We can further reduce re-downloads (for example, in installYarn is forced to re-run due to classpath changes) by using yarn set version --only-if-needed:

https://github.com/kris7t/refinery/blob/a530fe054944ca28bb49985c4334de20bca9c24c/buildSrc/src/main/groovy/refinery-frontend-worktree.gradle#L7

We reinstall npm packages at every build

This doesn't cause superfluous downloads, because yarn caches all packages, but installFrontend is still a bit slow when it re-calculates package resolutions even if no package.json or yarn.lock file changed.

Thanks to pnp resolution, the installed state of packages is fully described by the .pnp.cjs and .pnp.loader.mjs files. Compared to traversing the node_modules directory (which was the norm with npm and yarn 1), checking the dates on these files can be done quickly so we can mark them as inputs and outputs:

https://github.com/kris7t/refinery/blob/a530fe054944ca28bb49985c4334de20bca9c24c/buildSrc/src/main/groovy/refinery-frontend-worktree.gradle#L78-L81

This workaround is only useful if pnp resolution is used. Perhaps we could add a configuration option for that, too?

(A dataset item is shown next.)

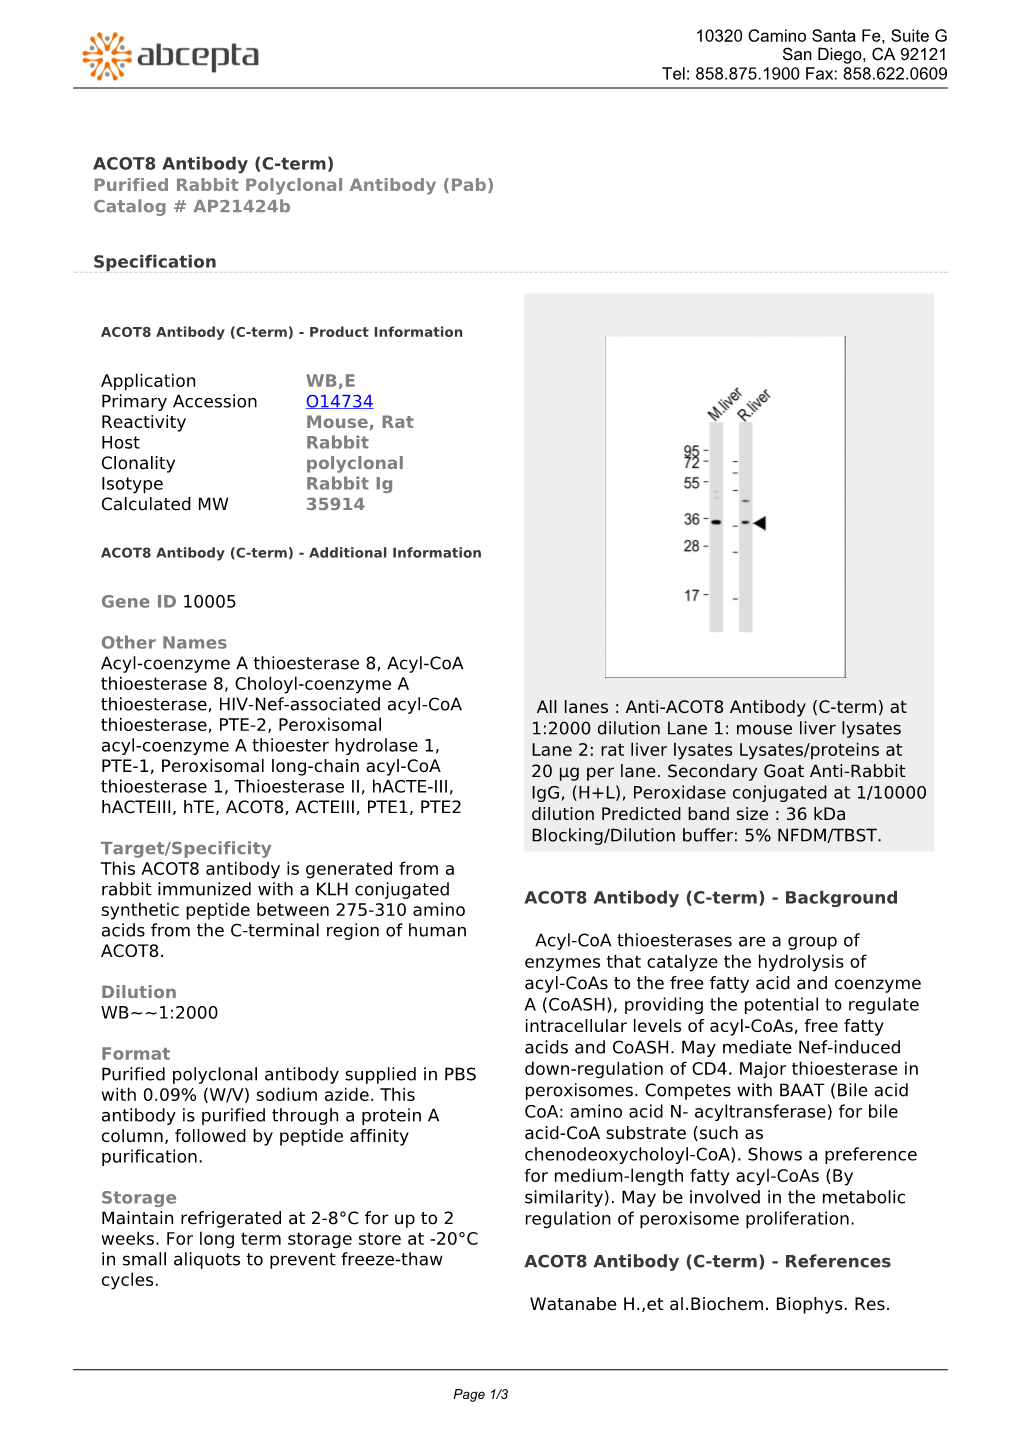 ACOT8 Antibody (C-Term) Purified Rabbit Polyclonal Antibody (Pab) Catalog # Ap21424b

This introduced a lot of caching. I wanted to provide an easy escape hatch if something breaks (although hopefully nothing will), so I added a clobberFrontend task that nukes the node a .yarn directories:

https://github.com/kris7t/refinery/blob/a530fe054944ca28bb49985c4334de20bca9c24c/buildSrc/src/main/groovy/refinery-frontend-worktree.gradle#L83-L91

What to keep / not keep was based on the recommendations in the yarn documentation.

kris7t avatar Nov 21 '21 15:11 kris7t

Hi,

Thank you for these interesting questions/suggestions. It is extremely difficult to deal efficiently with all these suggestions with a single issue. Please can you:

  • Open a dedicated issue for each of the 5 topics you mentioned so as we can focus on each one independently?
  • Fill the form requested to report an issue?

Thanks in advance, and thank you for using the plugin 😊. BR

v1nc3n4 avatar Dec 05 '21 14:12 v1nc3n4

Just for documentation, I added the following to my build.gradle.kts:

frontend {
    nodeVersion.set("14.17.5")
    yarnEnabled.set(true)
    yarnVersion.set("3.1.1")
    assembleScript.set("run codegen")
}

tasks.installYarnGlobally {
    outputs.dir("node/lib/node_modules/yarn")
}

tasks.enableYarnBerry {
    inputs.property("yarnVersion", frontend.yarnVersion)
    outputs.file(frontend.yarnVersion.map { ".yarn/releases/yarn-$it.cjs" })
}

tasks.installYarn {
    inputs.property("yarnVersion", frontend.yarnVersion)
    outputs.file(frontend.yarnVersion.map { ".yarn/releases/yarn-$it.cjs" })
}

tasks.installFrontend {
    inputs.file("package.json")
    inputs.file("yarn.lock")
    outputs.dir("node_modules")
}

tasks.assembleFrontend {
    inputs.file("codegen.yml") // project dependent
    inputs.file("package.json")
    inputs.file("yarn.lock")
    inputs.files(fileTree("src/main/resources/") { // project dependent
        include("**/*.graphqls")
    })
    outputs.dir("build/graphql-code-generator/kotlin") // project dependent, required
}

I use the plugin to run yarn run codegen, to run the graphql-code-generator in my Kotlin/Java project.

tristanlins avatar Jan 14 '22 06:01 tristanlins

@tristanlins I'm not sure this could work with yarn.

As a reminder gradle can cache tasks only if inputs and outputs are properly documented, and there's no overlap between tasks. A task is cacheable if it is annotated by @CacheableTask or via the API outputs.cacheIf { true }.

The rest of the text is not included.